The funds come from a whole range of activities, from drug trafficking and precious minerals to hostage-taking and extortion via fake profiles on the dating app Tinder.
South African police statistics show that the number of kidnappings doubled (4,000) between July and September 2022, compared with the previous three months.
According to the US Treasury, front companies operating in the precious stones, gold and construction sectors are also involved.
The money circulates via a multitude of transfers of sums too small to attract attention. The equivalent of more than 315 million euros left South Africa for Kenya, Somalia, Nigeria and Bangladesh, via some 57,000 unregistered Sim cards, between 2020 and 2021, according to an investigation by the South African weekly Sunday Times.
A process that none of the world's most competent secret services would have been able to detect. Other funds pass through the hawala system, an informal payment method based on trust, which is even more complex to trace than bank transfers.
Reopening old cases
The scale of the sums destined for jihadists remains unknown, as does the logic behind their distribution within the groups' regional subsidiaries. But there is no shortage of money: the jihadist groups "earn more than they need to", says Hans-Jakob Schindler.
"We can't believe for a second that any company or economic activity in an area they control could continue to operate without paying them. That has never happened."
Internal documents from the EI, consulted by Tore Hamming, show that half of the funds collected by them in Somalia are kept. A quarter was paid to the organization's head office, with the remaining quarter divided between Mozambique and the DRC.
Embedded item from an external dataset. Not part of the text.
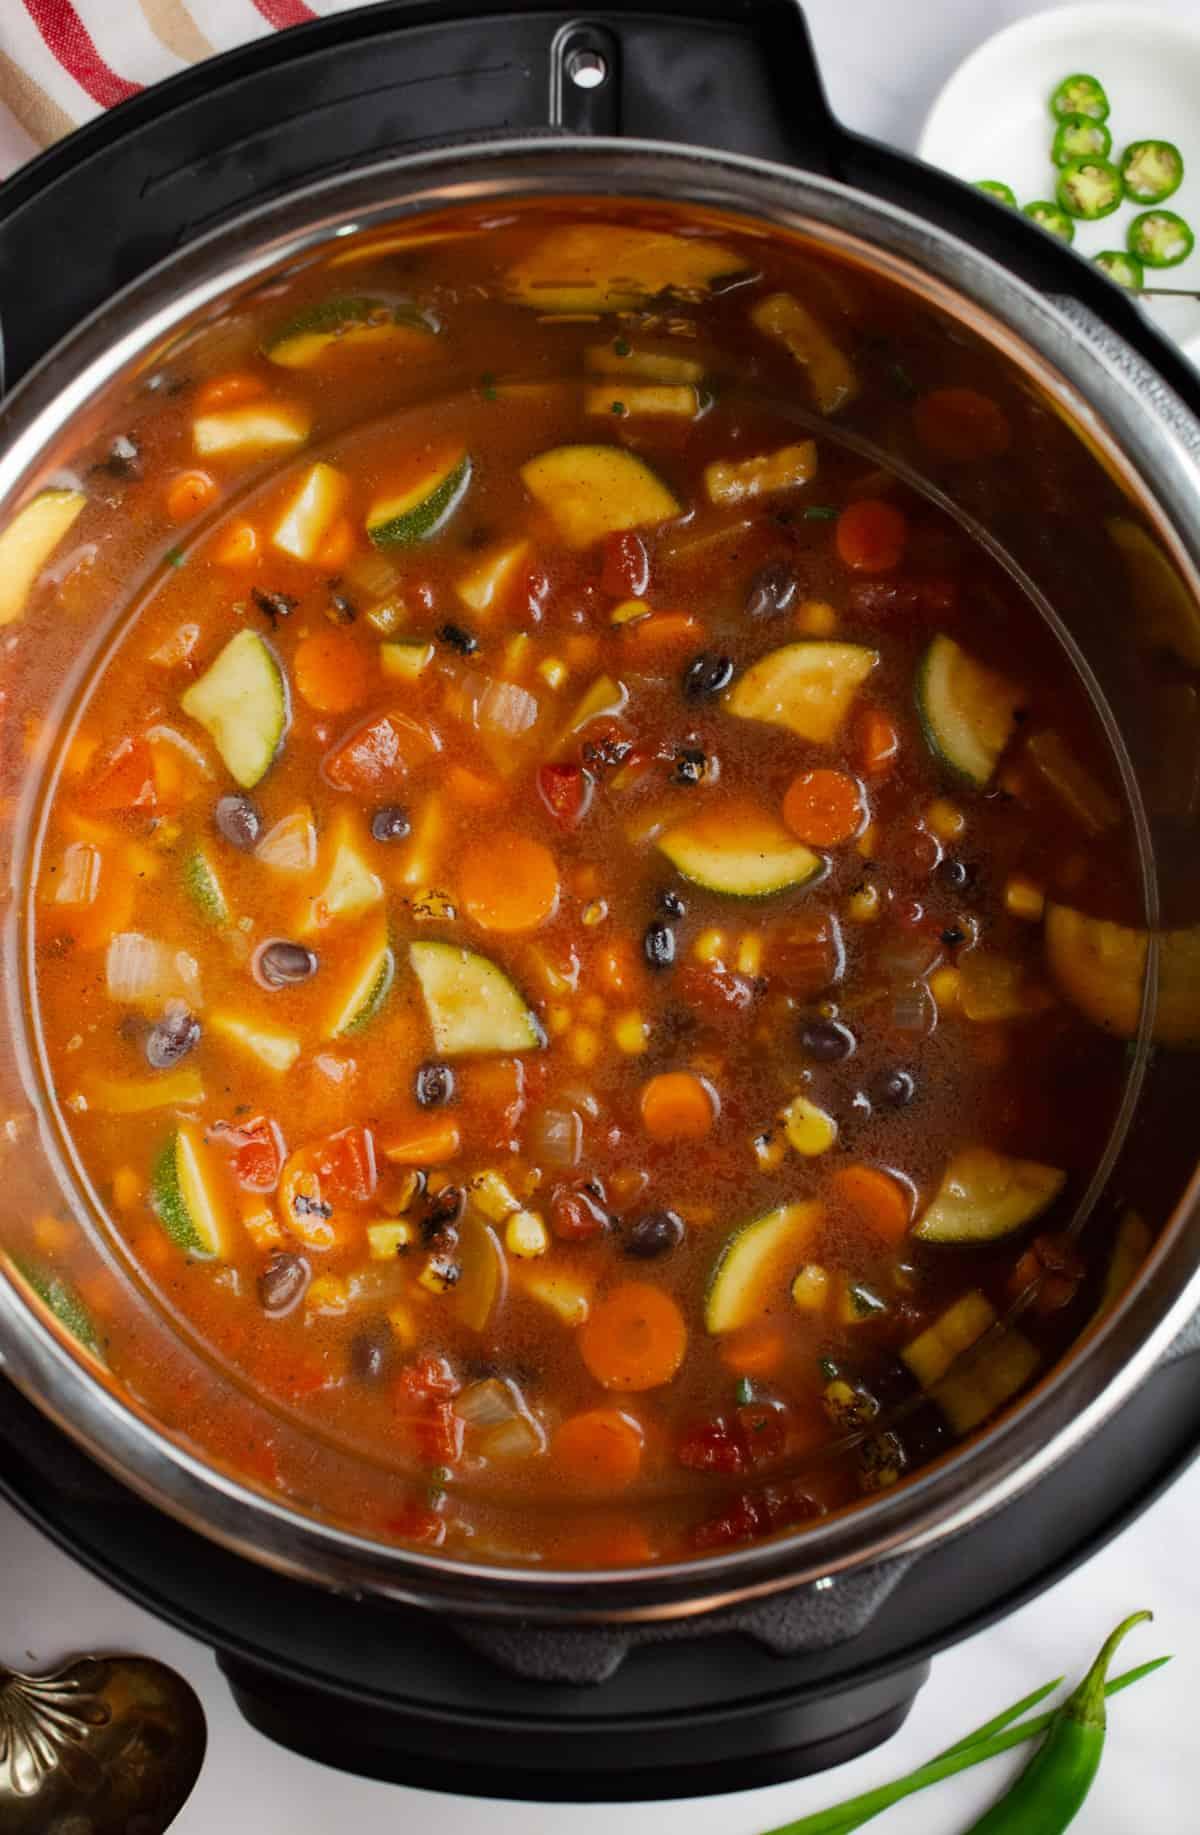 Southwest vegetable soup in an Instant Pot.

One of the South African suspects singled out by Washington is Farhad Hoomer, 47, based in Durban. In 2022, he was sanctioned by the US Treasury for "an increasingly central role in facilitating the transfer of funds from the top to subsidiaries across Africa".
He denies working for the EI. He spoke of his "surprise", saying he had "no idea" where the sanctions came from. "I've been waiting for proof for a year".
Arrested in 2018, he was accused of preparing to plant incendiary devices near mosques and shops before all charges were dropped.
But South Africa has since reopened certain cases and is demonstrating its desire to clean up its financial system. Martin Ewi, who works hand in hand with the government, points out that several individuals are being investigated for offenses that now date back to 2017-2018.
"The government has adopted a very proactive approach", he wants to believe today.
Several pieces of legislation were rushed through Parliament, including one on money laundering and combating the financing of terrorism, signed into law by President Cyril Ramaphosa just before Christmas.
And on 19 May, Security Minister Khumbudzo Ntshavheni promised to ensure that "South African territory will no longer be used to prepare, facilitate or carry out acts of terrorism, or to acquire, move, store and use funds in support of terrorism".